Unterwegs in Sachen Gold

 
 

DIE VORGESCHICHTE

Es ist das Jahr 1947. Der Winter hat Einzug gehalten in die Stadt. Ein eiskalter Wind pfeift durch die dunklen Straßen und treibt Schneeflocken vor sich her. Kein lebendes Wesen ist weit und breit zu sehen. Nur hinter den heimelig erleuchteten Fenstern der niedrigen Häuser findet das Leben im kleinen Kreis der Familie statt. Alle sind in angeregter Stimmung, es ist Heiligabend.

Na ja, nicht alle sind guter Dinge, vor allem nicht Donald und seine Neffen, denn es läuft wieder nichts so, wie es laufen sollte. Schuld daran ist vor allem ein unliebsamer Verwandter, der sich aufführt, als wäre sein Charakter aus den Eigenschaften zusammengebastelt, die sonst keiner haben wollte: Hartherzigkeit, Geiz und Egoismus. Die Rede ist von niemand anderem als von Donalds Onkel Scrooge McDuck, der 1947 in dieser Entenpersiflage auf Charles Dickens "A Christmas Carol" von Carl Barks seinen ersten Auftritt hat und erst nach einer langwierigen Läuterung den Sinn des Weihnachtsfests erkennt und Donald letztlich ein wunderschönes Fest beschert.

Ursprünglich sollte Scrooge McDuck nur in dieser Geschichte auftauchen, doch der knauserige alte Sack, der hierzulande als Dagobert Duck bekannt wurde, entwickelte sich zum Publikumsliebling. Dieser Tage kann er auf seinen fünfzigsten Jahrestag im Entenkosmos zurückblicken.
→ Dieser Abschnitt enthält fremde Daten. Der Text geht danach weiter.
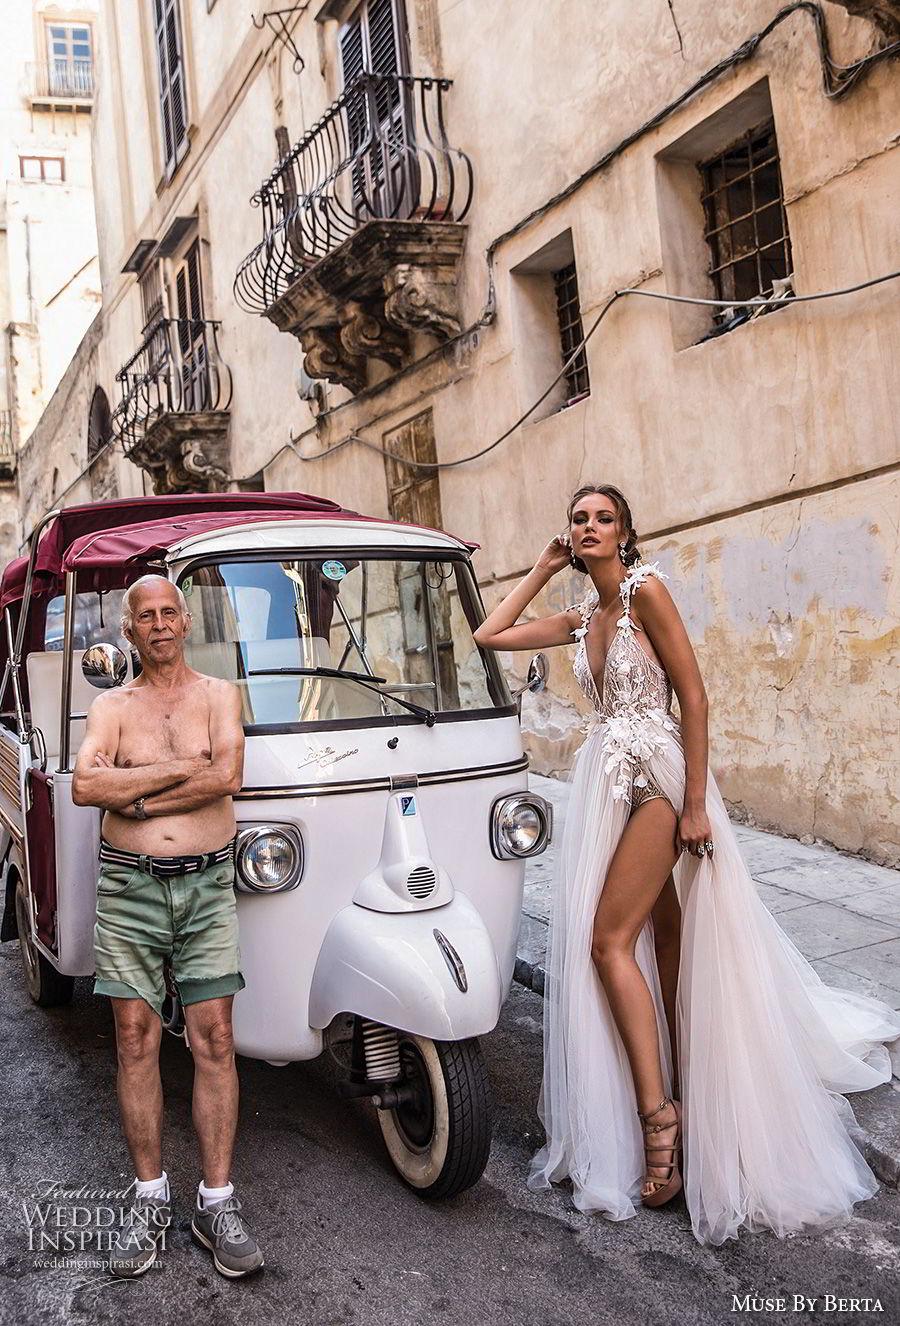 muse-berta-2018-bridal-sleeveless-deep-v-neck-heavily-embellished-high-slit-tulle-skirt-sexy-romantic-soft-a-line-wedding-dress-open-back-chapel-train-7-mv-
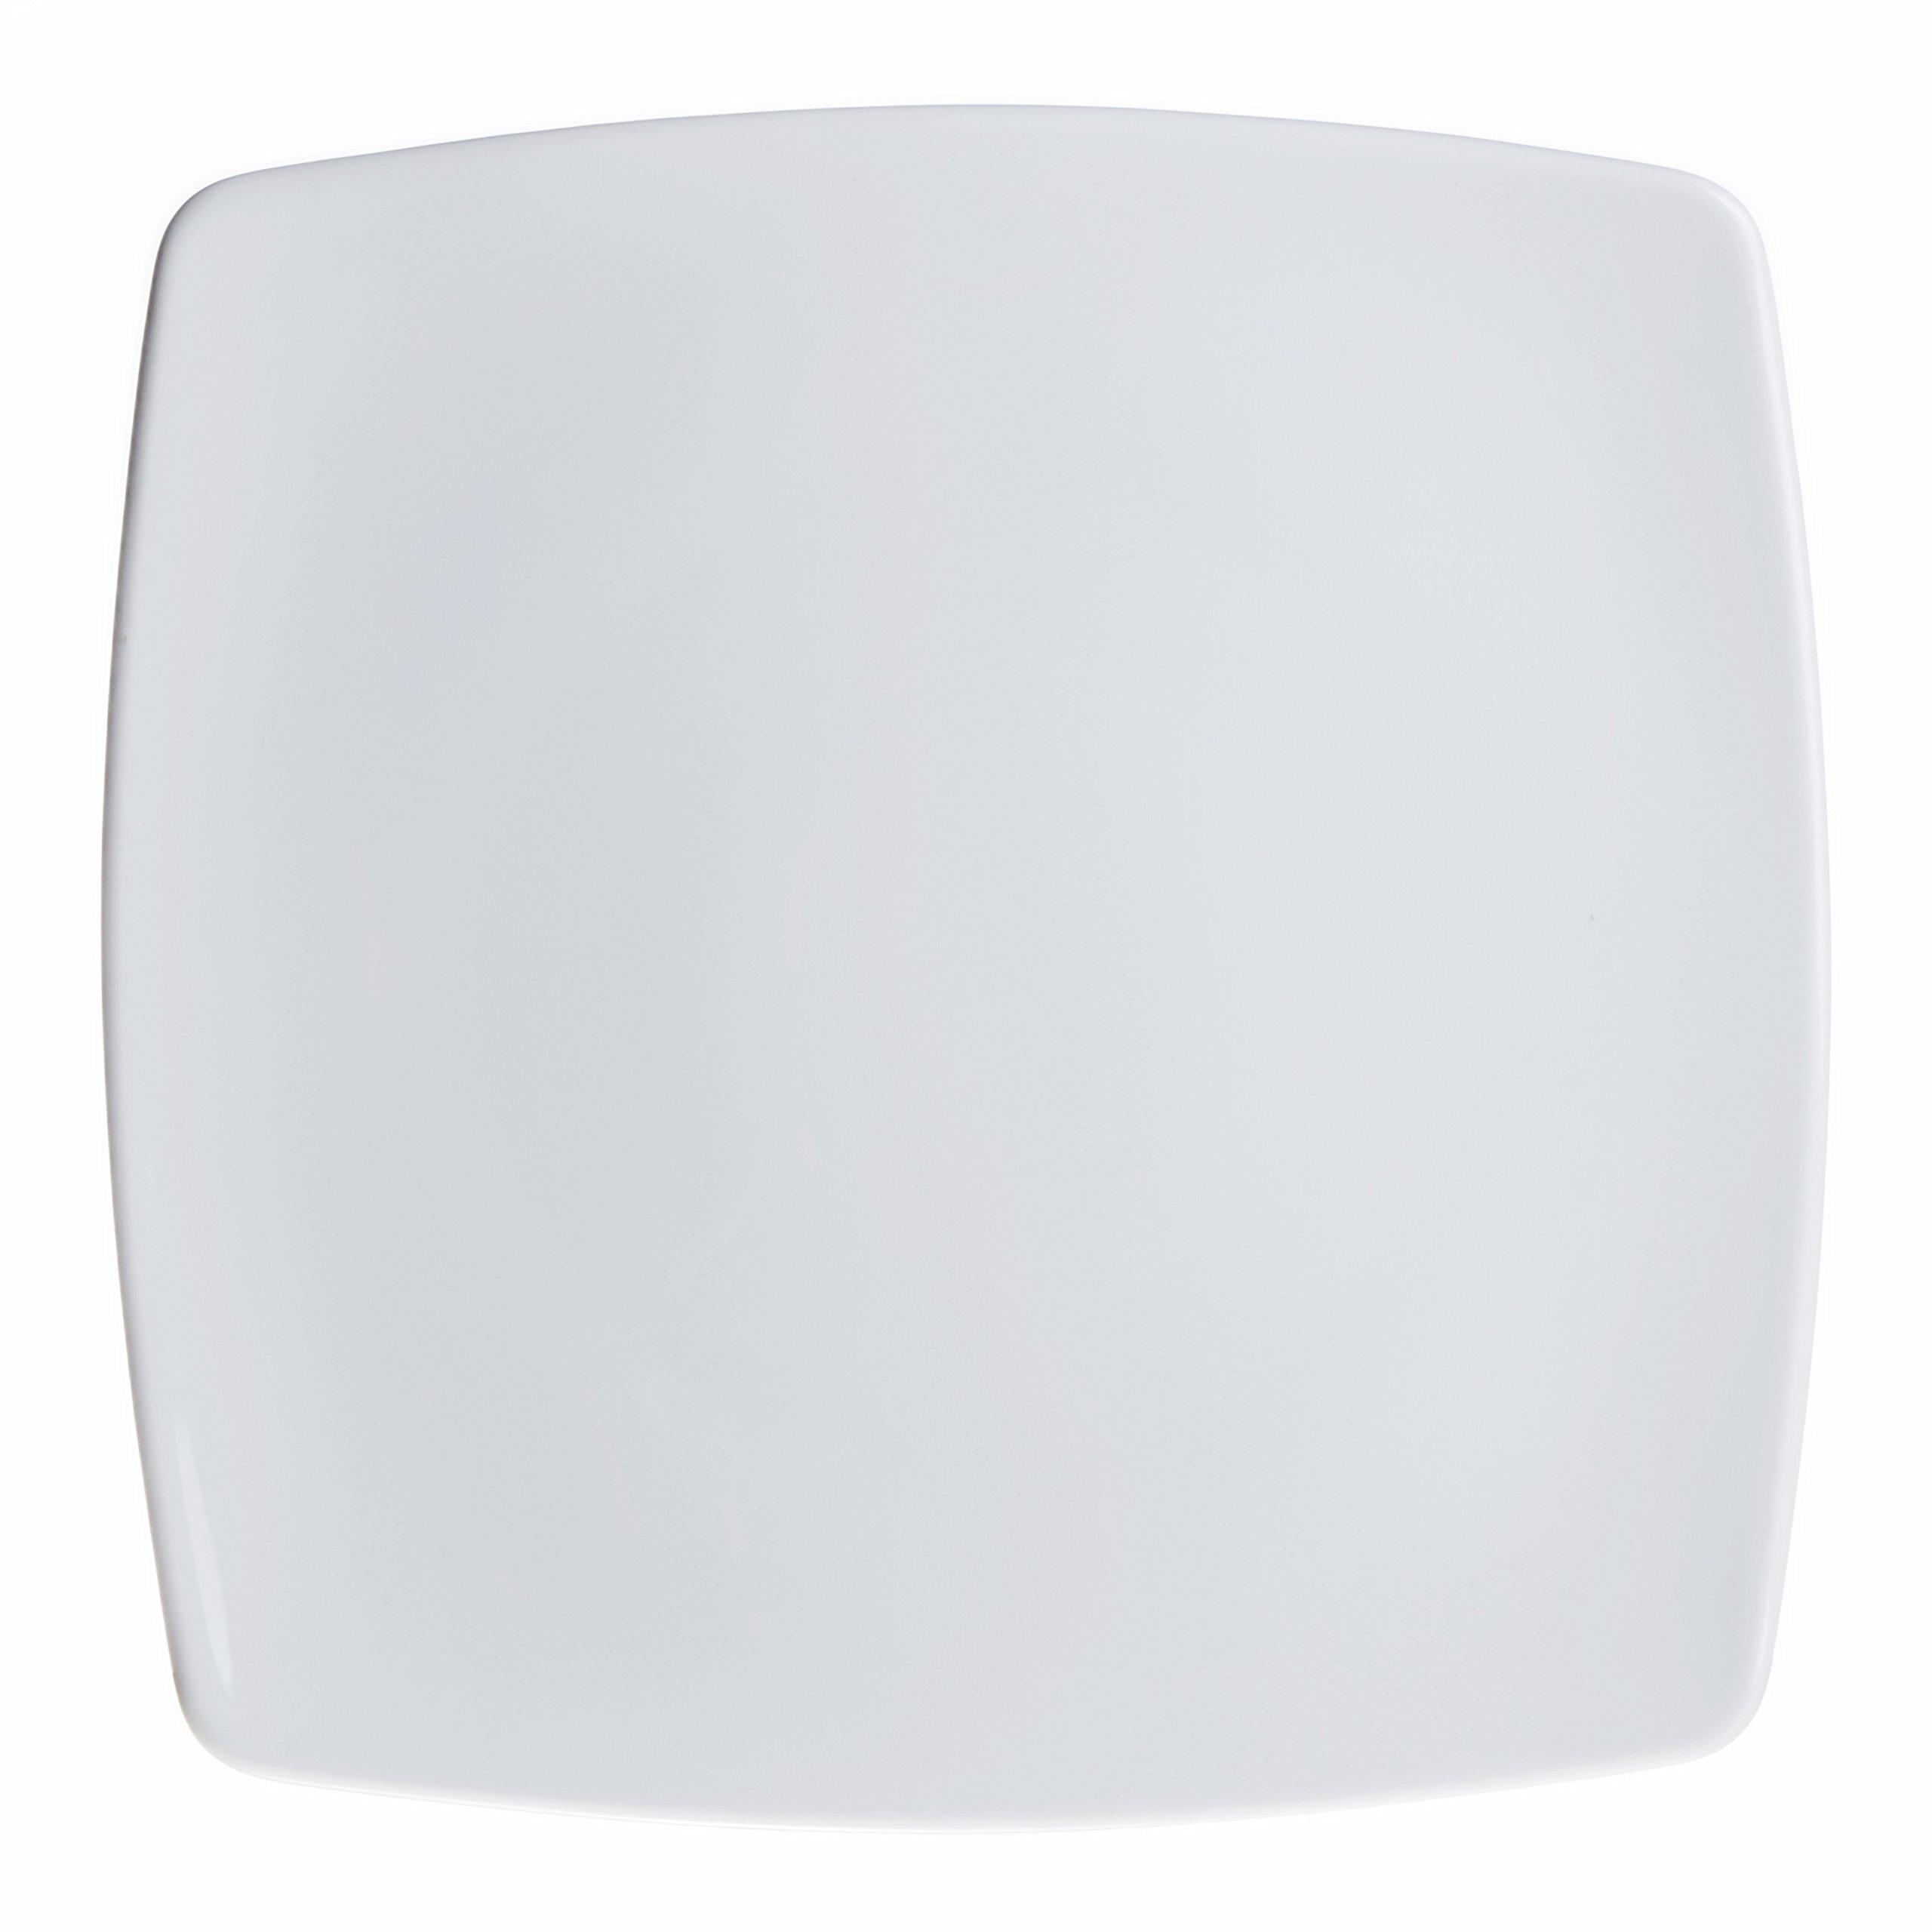 6-Piece Square Dinner/Serving Plates Set, White Porcelain, Restaurant&Hotel Quality, size 10.2''

Doch auch nach seiner Läuterung ist die Figur der reichsten Ente der Welt nicht unumstritten. Neben Donald Duck ist Onkel Dagobert wohl der vielschichtigste Entencharakter. Entsprechend kontrovers wird er auch von den Chronisten dieses Jahrhunderts diskutiert. Vordergründig ist dieser alte verknorpelte Erpel nichts anderes als die Fleisch und Federn gewordene Ikone des ungebremsten Kapitalismus. Doch ein Blick hinter die Kulissen auf seine bewegte Lebensgeschichte zeigt auch die anderen Seiten des alten Knackers in seiner Rolle als Familienoberhaupt, Geschäftsmann und Abenteurer.

Donald Sonderheft
 

DAGOBERT DER PATRIARCH

Die erste entscheidende Veränderung, die sein Auftauchen in Entenhausen bewirkte, war die, daß er maßgeblich zur Harmonisierung von Donalds Familienleben beitrug. Bis zu diesem Zeitpunkt war Donald vollauf damit beschäftigt gewesen, seine Neffen Tick, Trick und Track in Zaum zu halten. Diese drei Früchtchen hatten bislang nichts anderes im Sinn, als ihren Onkel auf die Palme zu bringen. Mit dem Auftauchen von Onkel Dagobert änderte sich die Situation grundlegend. Da dieser ständig darauf aus war, Donald und die Neffen zu unentgeldlicher Schwerstarbeit heranzuziehen, wuchs der Zusammenhalt der Gebeutelten, um diesem Schicksal zu entgehen.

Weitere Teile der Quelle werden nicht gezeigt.